Padun Volodymyr

Still life with BIGMIR 188x135 cm, canvas, oil, 2012
Date of Birth: 1942
Place of residence: Ukraine

Padun Volodymyr (June 25, 1942, Plavni village, Zaporizhia region – September 21, 2016, Dnipro, Dnipropetrovsk region) is a Ukrainian painter. He worked in the field of easel painting. Collector of works of folk art. Member of the National Union of Artists of Ukraine (1990).

He was born into a working-class family of parents and two older sisters. Vladimir spent his life fully feeling the full force of the postwar famine. From childhood he had to work hard, achieving everything on their own.

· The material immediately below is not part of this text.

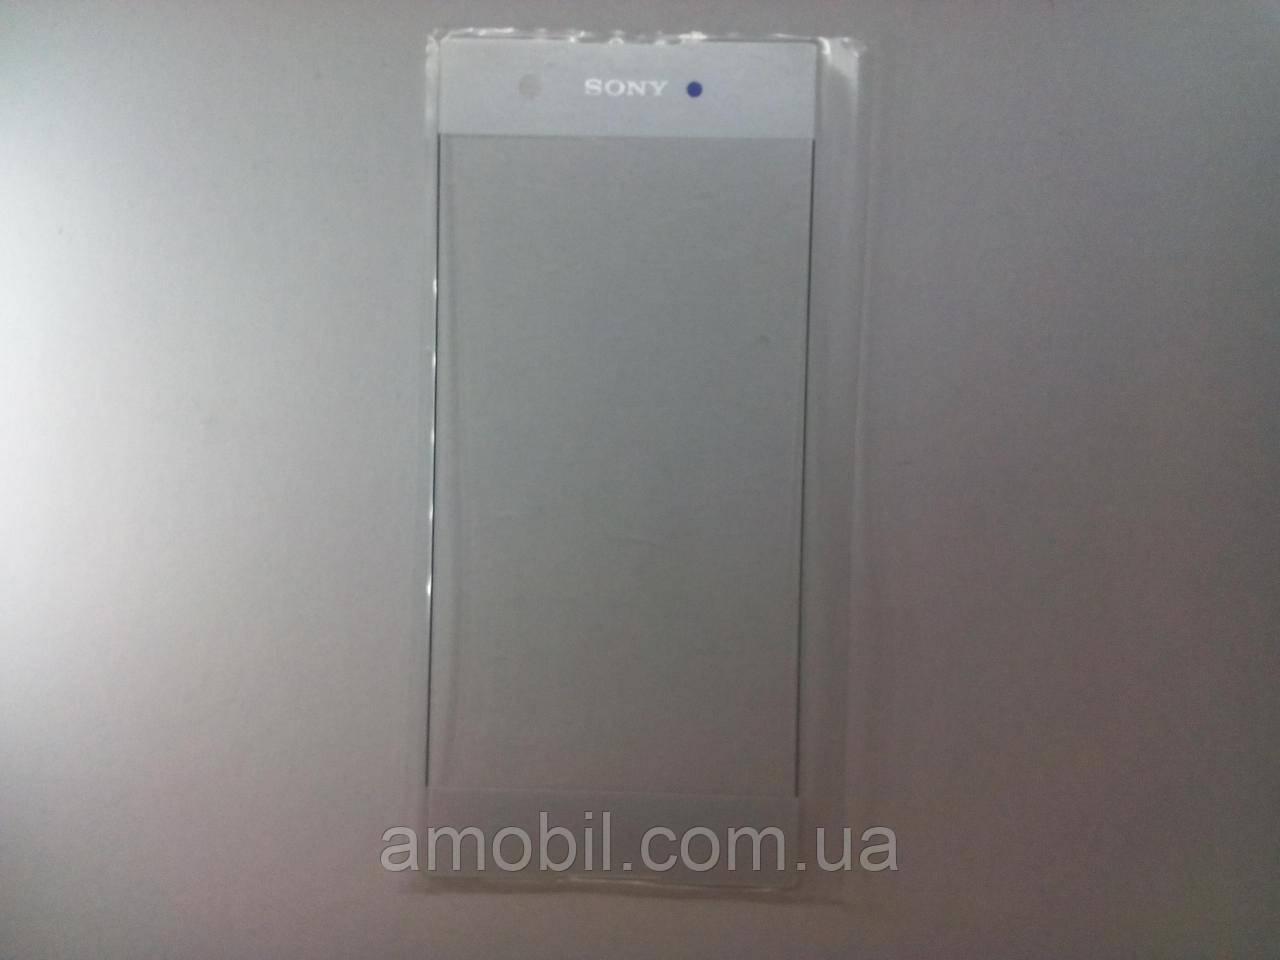 Стекло Sony G3112 Xperia XA1 / G3116 Xperia XA1 / G3121 Xperia XA1 / G3123 Xperia XA1 / G3125 Xperia XA1 white

Volodymyr graduated from the 8th grade of secondary school, after which, while still a minor, he went to work on the tram track in Zaporizhia. At the same time he played in a brass band, tram park where he worked part-time at parades. However, this was not what the future artist wanted, so he later went to study at an art studio where he studied for a month. After that, he was immediately invited to work as a set designer at the Shchors Theater. This was the beginning of his creative path. Leaving the art studio, Vladimir Makarovich began to take plaster casts from there and continued to practice in the theater, after work. He often drew other workers, made sketches and sketches, honing his skills. He worked there for 2 years.

In 1962, Volodymyr was drafted into the army, where he served for 2 years in Bolgrad, Odessa region, as a regimental artist. In 1964 he entered the Dnepropetrovsk Art School. Vuchetych (Dnipro Theater and Art College). He took his studies very seriously, performed all the tasks, drew a lot, spoke on behalf of the school at various competitions and contests. That period was marked by a great growth of artistic skill of the future artist.

After graduating from school and having excellent grades in special. subjects, Padun received a characteristic-referral to a higher educational institution. Therefore, in the same year he went to St. Petersburg to enter the Higher Art School. Mukhina (St. Petersburg State Academy of Arts and Industry named after OL Stiglitz) at the Faculty of Monumental Painting, where he studied for a year. However, then the artist was at a crossroads – to go on to study at school or go his own way, because at that time he already had a personal program. He wanted to study Ukraine. In the end, Vladimir chose self-education. Eventually, on the 500th anniversary of the Cossacks, the artist took an oath at the grave of Sirka and joined the grassroots Cossack fraternity.

At that time, V. Padun was already living in a civil marriage with his future wife Pinusova Nina Trokhimivna, who significantly influenced the formation of Volodymyr as an artist. Assisting him in all endeavors, Nina Trokhimivna was the main support for Vladimir, which led him to the top. In 1968, after graduating from the Dnipropetrovsk Art School, the couple had a son, Volodymyr, and Padun was forced to work in the design bureau. During that period he met such artists as Valery Grechany, Yevhen Dyrkach and Oleksandr Samylenko. They went to study together in Ihren, as a result of which each of them was formed in his personal direction, and later they began to be called “Ihren school”. It was then that V. Padun says that he became an artist, here is what he himself says about it:

“When I showed my work to Grechan, he told me, ‘Throw all the artists out of your head and draw on the impression.’ I changed the technique and started looking for ways to implement these impressions. That’s how I became an artist in a month. ”

V. Padun was first admitted to the exhibition in 1970, with his work “Dried Will” – a dry thistle on the background of a Cossack grave. In the same year his daughter Vera was born. This work was his debut. However, after this exhibition, the artist’s work ceased to be accepted for twenty long years, which were accompanied by constant persecution by the Soviet authorities, until the very independence of Ukraine.

All these years V. Padun persistently and purposefully continued to study Ukraine, despite persecution and pressure. During these twenty years, accompanied by relentless painting and self-improvement, the artist has risen to a new level. His works were distinguished among others by their rich color of Ukrainian nature. Bright colors clearly and harmoniously emphasized the artist’s love for his homeland. In them Padun VM reflected Ukraine as a whole, its folklore, plasticity, color, and all this led to the synthesis and invention of his original, personal language of writing. He went to his theme – “The language of our region in the fine arts.”